The Unwilling Transparent
The docent at the museum approached, and said, “If you want to take a picture, that’s OK.”
“Oh, no,” I answer, “I don’t think I could catch it on my phone camera anyway.”
She nods, while I’m immediately realizing I screwed up. I didn’t want to be caught wanting to take a picture, so I made an excuse that now effectively prevents me from taking a photo.
After being given explicit permission.
What an idiot. No, wait — make that a coward. Because it’s really about saving face.
I start mentally rewriting the conversation if I’d only been open about what I wanted.
“Oh, really? That’s awesome, the texture on this piece is just amazing.”
Actually, I do say that latter bit. But because I prefaced it with a little white lie, it comes off differently. The docent wanders back away.
I’ve been taking in the OKC Museum of Art, and while the exhibits are great, I’m also super intrigued by the docents lingering around on this Sunday. They all look like interesting people. Some of them look the age to be interns or volunteers through an art program of some kind. This woman is older, though.
We could maybe have connected, if I’d not been a little ashamed of my enthusiasm.
See, I really was leaning close to try and take in the sculpture carefully. As a bit of a fiber artist myself I was blow away by the delicate impressions of textiles on this gorgeous piece by Karen Lamonte. It’s Chado — a glass sculpture of a kimono, as if captured in the middle of a tea ceremony.
And was I wondering if I could get away with a photo?

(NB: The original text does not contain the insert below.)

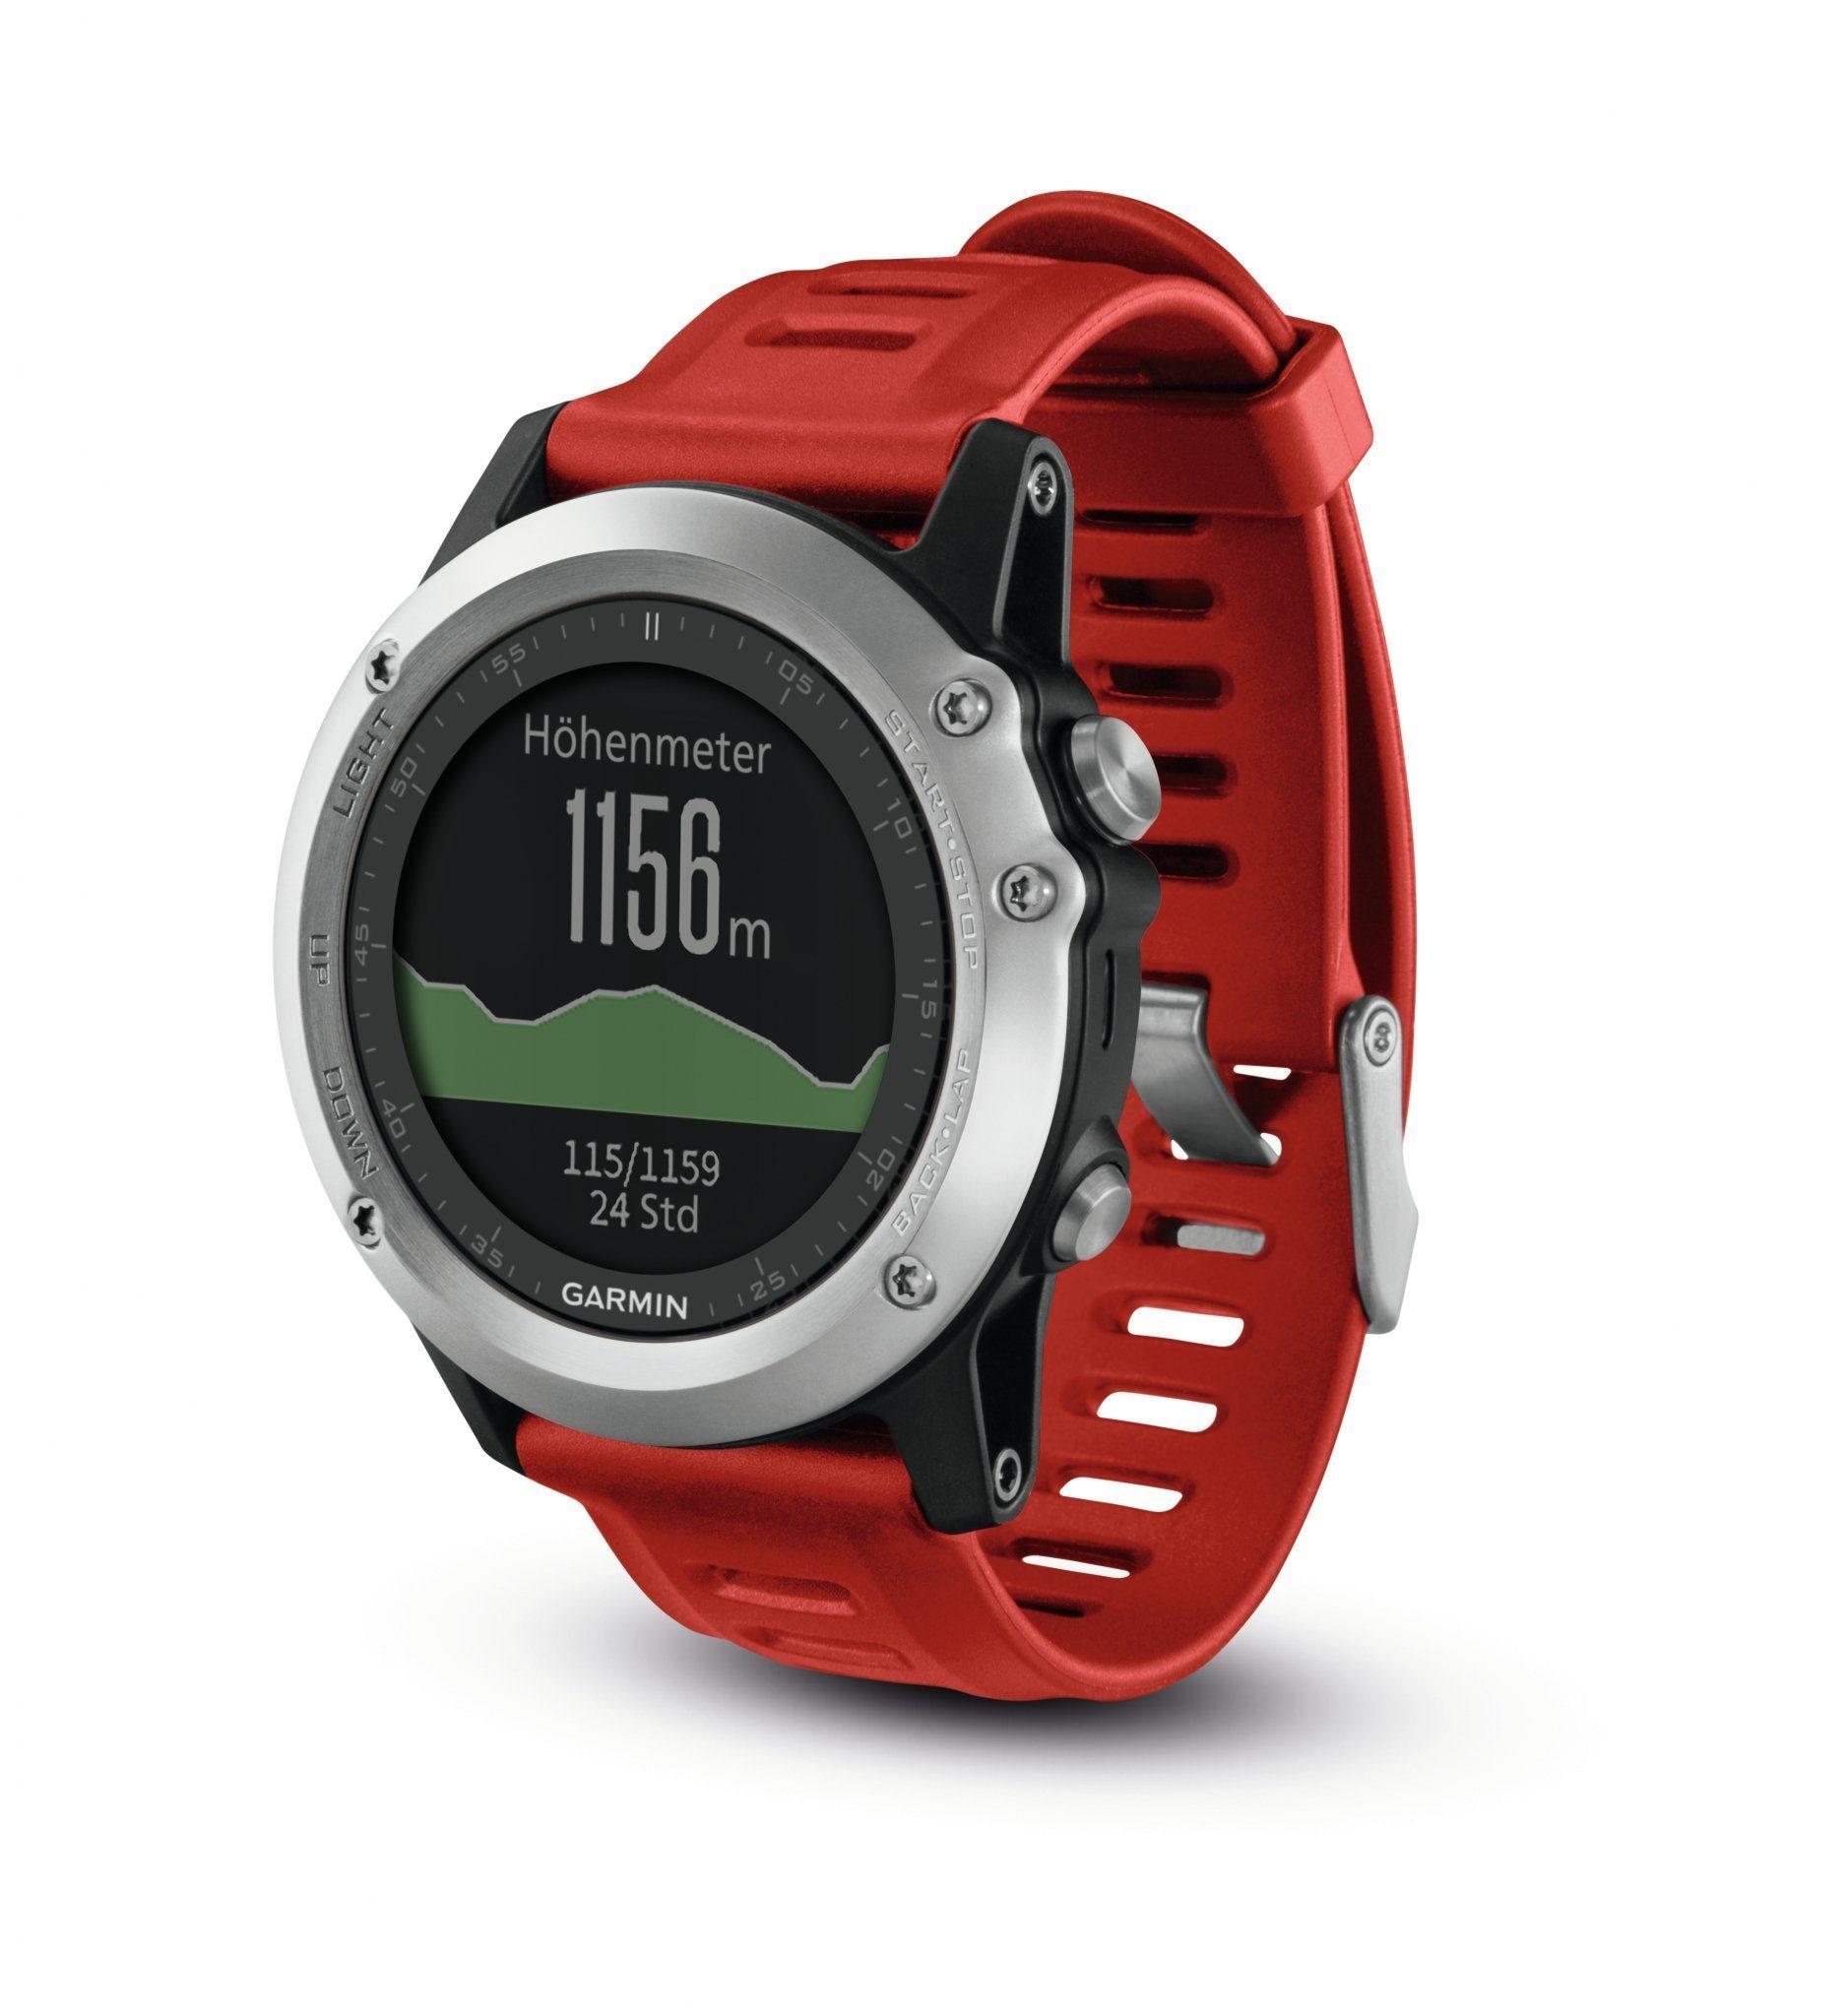 Garmin Sportuhr »Fenix 3 GPS Multisportuhr Performer Bundle«

In some part of my mind. And when approached by the docent I leaped to the conclusion that maybe I should be so close. When she indicated it was okay to take a photo, I also leaped to the conclusion that my thoughts were on my face.
Which they probably were. She also sees people looking at this piece day after day, probably wondering the same thing.
Why was that such a bad thing?
I just re-read a book with a character who is known for being transparent. It has made me uncomfortable to read about him, in the past. My dearest wish for most of my life has been to be an ice-queen. (It didn’t work out.)
And even as I’m trying to learn to express my feelings, every once in a while I have a setback when I find out people can see how I feel anyway.
Next time, hopefully, rehearsing the line “Oh really? Cool!” will help me navigate it better. Even if I’m blushing.
And even if it’s true there are better photos on the internet than the ones I didn’t take on my phone camera.